Он отвечает: «Нам нужно, чтобы он сыграл квотербеком»

Она говорит: «Чего? Он же девятиклассник» (имеется в виду первый год обучения в старшей школе, то есть в одной команде играют футболисты разного возраста — Прим. ред.)

Тётушка Терри всегда называла меня «мальчуган». Даже сейчас, когда мне 36 лет, она всё равно приговаривает: «Чем занят, мальчуган?» Поэтому она была уверена, что тренер сошёл с ума.

Видите ли, тем летом стольких пацанов упекли за всякое уличное дерьмо, что мне пришлось играть в команде. Первым квотербеком.

Бабуля просто орала, когда ей об этом рассказали.

«Он слишком мал! Он ещё просто дитя! О, Господь Всемогущий!»

Я такой тощий, что когда зашёл в спортзал, то даже блин поднять не могу. А должен играть против полностью сформировавшихся мужиков. Это вам не «Огни ночной пятницы» (известная книга про школьную команду по американскому футболу из Техаса. Позже её экранизировали как фильм и сериал — Прим. ред.). Тут всё по-другому. В Мобайле ребятки могли перед игрой хлебнуть чего погорячее. Некоторые опрокидывали пинту джина, а затем выходили и делали по 30 захватов, серьёзно. Один мой сокомандник так крепко бил соперников, что у него самого шишка вылезала из головы как у мультяшного персонажа. Как из долбаных «Луни Тьюнс» или типа того. (спросите Кадиллака Уильямса! Он вам расскажет!)

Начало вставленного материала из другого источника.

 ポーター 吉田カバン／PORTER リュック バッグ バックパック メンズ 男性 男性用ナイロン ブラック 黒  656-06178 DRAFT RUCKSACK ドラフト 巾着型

Вот против кого мне предстояло играть. А знаете, с кем был первый матч?

БЛАУНТ-ХАЙ.

Видите, если вы не отсюда, то и не шарите. Это пацаны из Причарда. Три года подряд выигрывали чемпионат штата. Это уже просто взрослые мужики, серьёзно. Думаете, я прикалываюсь? Блин, да их отстранили на весь сезон из-за того, что в команде играли футболисты старше, чем надо. И вот я со своей тощей жопой бегу изо всех сил, пытаюсь не сдохнуть в игре против мужиков, которые должны в колледже играть.

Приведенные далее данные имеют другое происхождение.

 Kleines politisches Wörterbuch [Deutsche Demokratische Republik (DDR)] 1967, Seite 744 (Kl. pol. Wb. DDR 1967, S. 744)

Моя бабуля после каждой игры звонила дядям, стоя на коленях: «Он в порядке? Он дышит?»

Я был среди волков, братиш. Но по какой-то причине, всякий раз, когда у меня в руке оказывался мяч… Не знаю, как объяснить. Магия. И, блин, я даже не осознавал, что я какой-то чёрный квотербек. В детстве единственные белые, которых я видел — это пара учителей. Я был просто квотербеком. Я знал только одно — раз мяч в руке, значит я буду херачить его вперёд до тех пор, пока из него шнуровка не вылезет.

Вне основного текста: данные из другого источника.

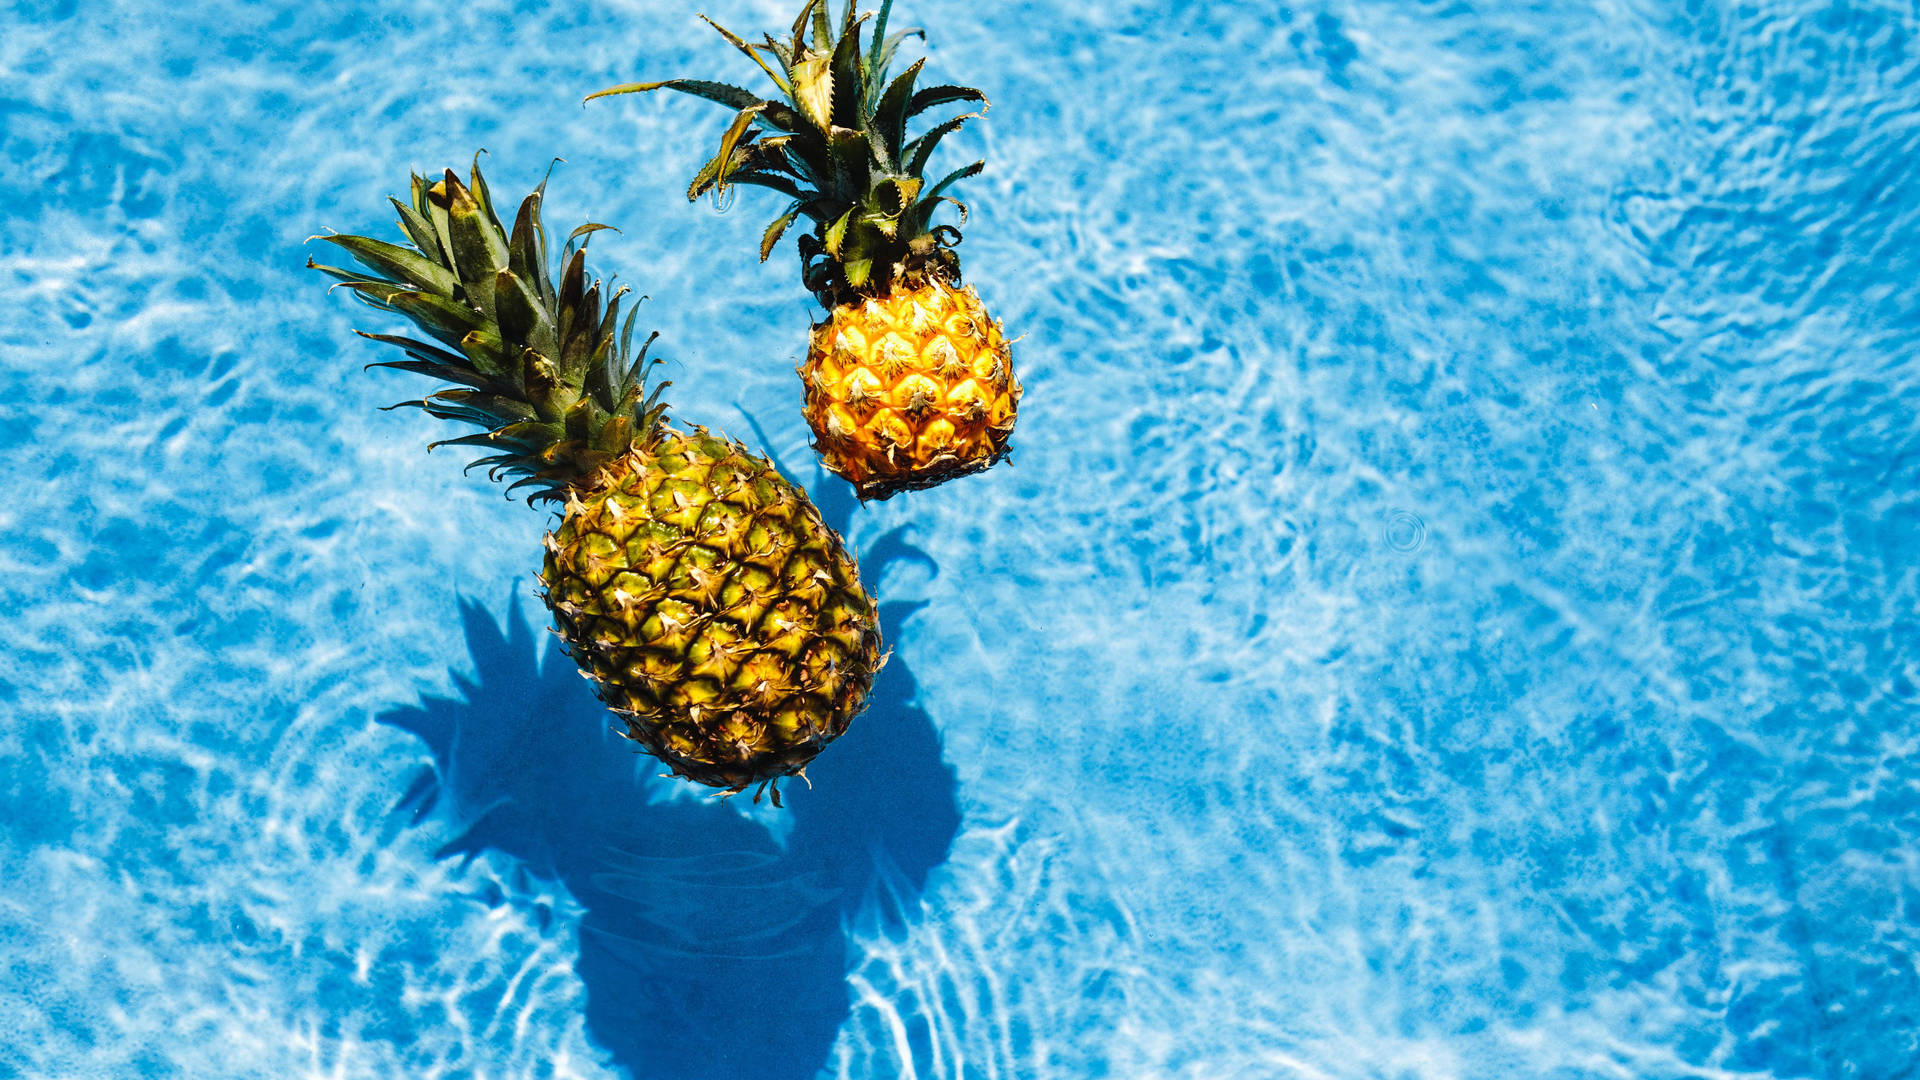 Pineapples In Swimming Pool Wallpaper

И вдруг моё имя начинает отсвечивать. Я кем-то стал, по крайней мере, на своём районе.

Помню, как после восьмого класса бабушка усадила меня и сказала: «Будь осторожен, Джамаркус. Как я понимаю, ты будешь таким же знаменитым, как Майкл Джексон. За тобой будут следовать повсюду».

У меня тогда была причёска афро в стиле Коби Брайанта, и помню, как на матчи в Мобайле люди стали приходить в париках, похожих на мою причёску. Каждые выходные — стадион битком забит. Ко мне подходили самые крутые чуваки, спрашивали, всё ли ок. Хотя уличным я никогда не был, не приходилось. А теперь у меня на каждом районе вдруг есть по дяде, хотя всех кровных я-то знал, сечёте?

К десятому классу письма приходили пачками — «Луизиана Стейт», «Флорида Стейт», «Флорида», «Алабама», «Южная Калифорния», все. Сколько только колледжей есть в стране, везде меня ждала стипендия, серьёзно. А самое крутое, что в Мобайл посмотреть на меня приезжали Бобби Боуден, Ник Сейбен, остальные известные тренеры. Они разъезжали по району, поворачивали на углах (тут акцент на том, что в суровых негритянских кварталах на углу, как правило, торгуют наркотиками. Джамаркуса веселит, что самые известные тренеры страны, притом белые, ради него приехали в такие злачные места — Прим. ред.), проводят время в бабушкином доме.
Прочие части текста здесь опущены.